LCG agrees that the Regulated grew above average (+2.9%) and that the Seasonal they became slower (+0.4%), reinforcing the idea that The regulated component remains crucial in inflation dynamics.
The advisor emphasized: “For the third consecutive month, the item with the largest relative weight in the index, food and beverages, recorded a noticeable acceleration, rising 2.8% monthly in November“, driven by meat, in line with expectations in the previous survey. In contrast Dress it barely rose 0.5%,”This may be explained by the fact that it is one of the points most affected by trade liberalization“.
As for the future scenario, LCG assumes that “It is difficult for inflation levels to quickly approach below 1% in the short term“, even with weak activity and stabilized exchange rate expectations.
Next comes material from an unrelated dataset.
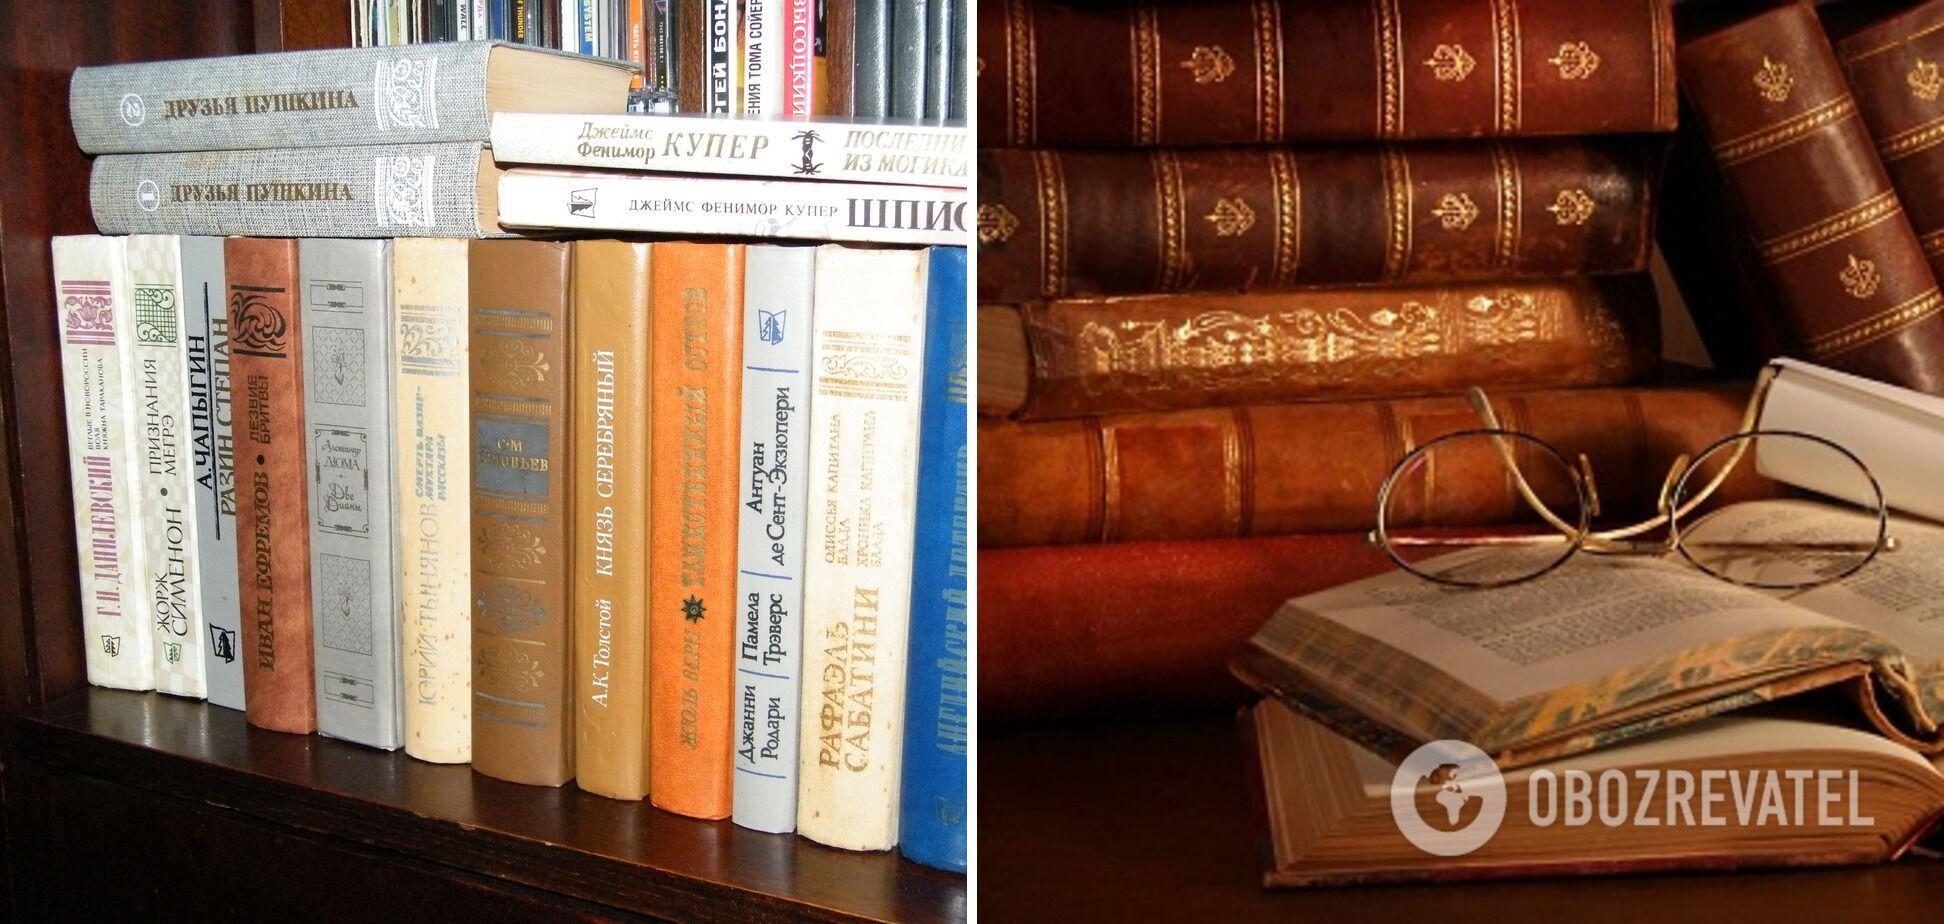 Первые издания книг дорого стоят.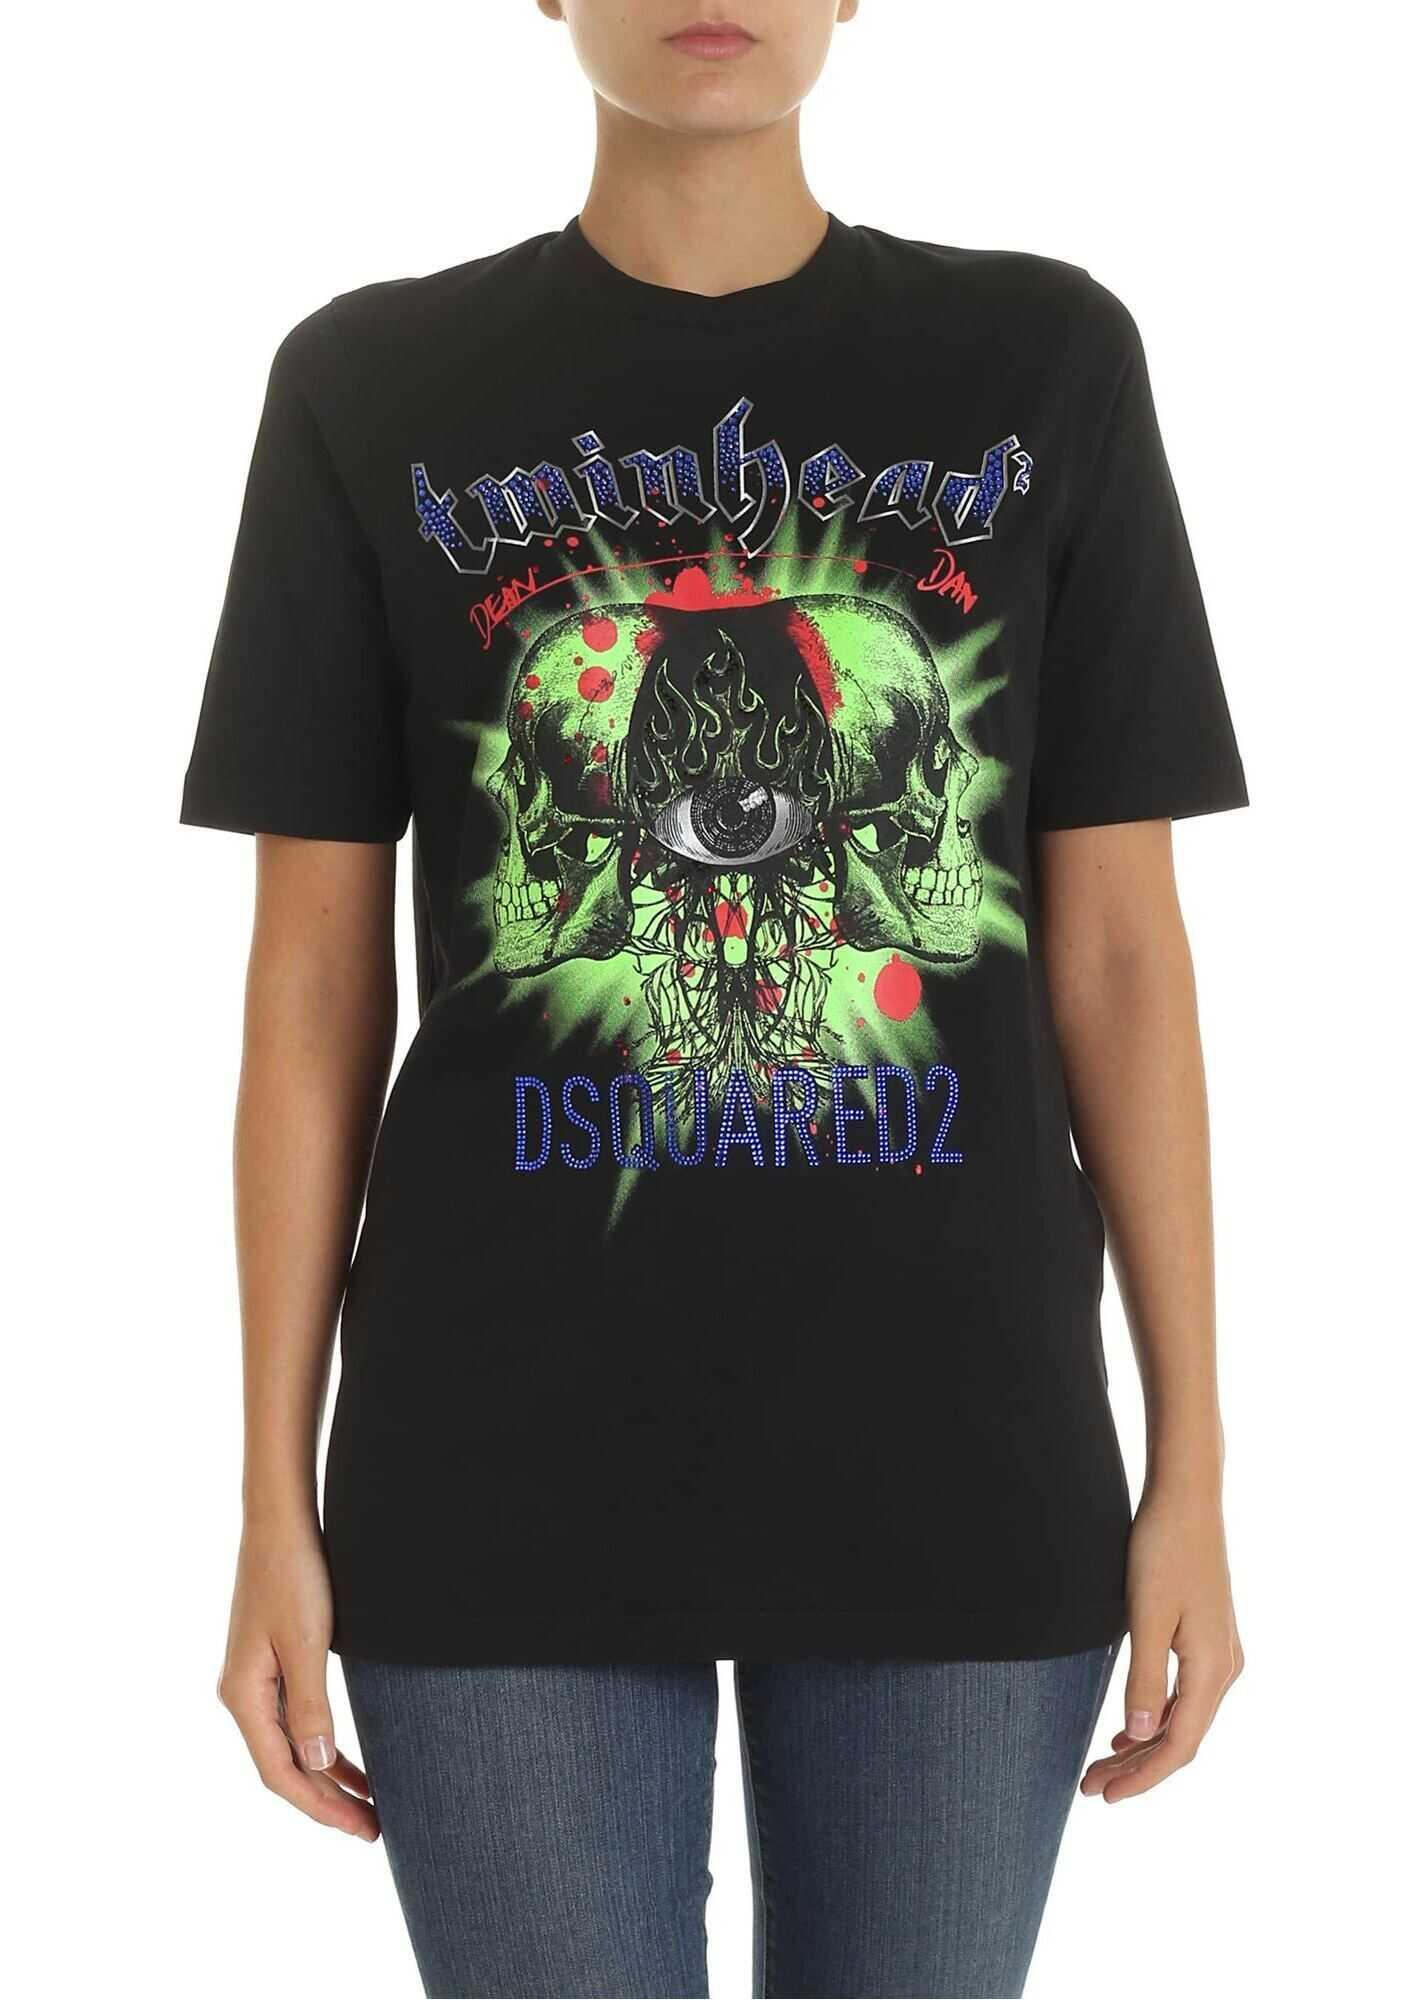 DSQUARED2 Twinhead T-Shirt In Black Black

The consultancy warned that sluggishness continues and that interest rate adjustments and the removal of subsidies envisaged in the 2026 budget could increase pressure. Annual inflation was estimated for 2026 20% measured in December.
“After bottoming out in May 2025 (1.5% month-on-month), overall inflation accelerated each month. Core inflation reached this low point in July and then returned to levels around 2%. This shows that inertia continues to be an important factor, making convergence to lower inflation levels difficult even with stagnant activity.“, Details LCG.
CEPA, for its part, assumes this a month with high seasonality due to festive consumption and doubts about the continuity of “quasi-freezing in regulated markets”. It points to an increase in prepaid bills (2.1%-2.5%), possible telecom adjustments (up to 3.0%) and pressure from meat and fruits/vegetables in the first weeks of December. The exchange rate showed relative stability. The dilemma in the official narrative is whether the anchors (salaries and dollars) will sustain the index as interest rates continue to rise.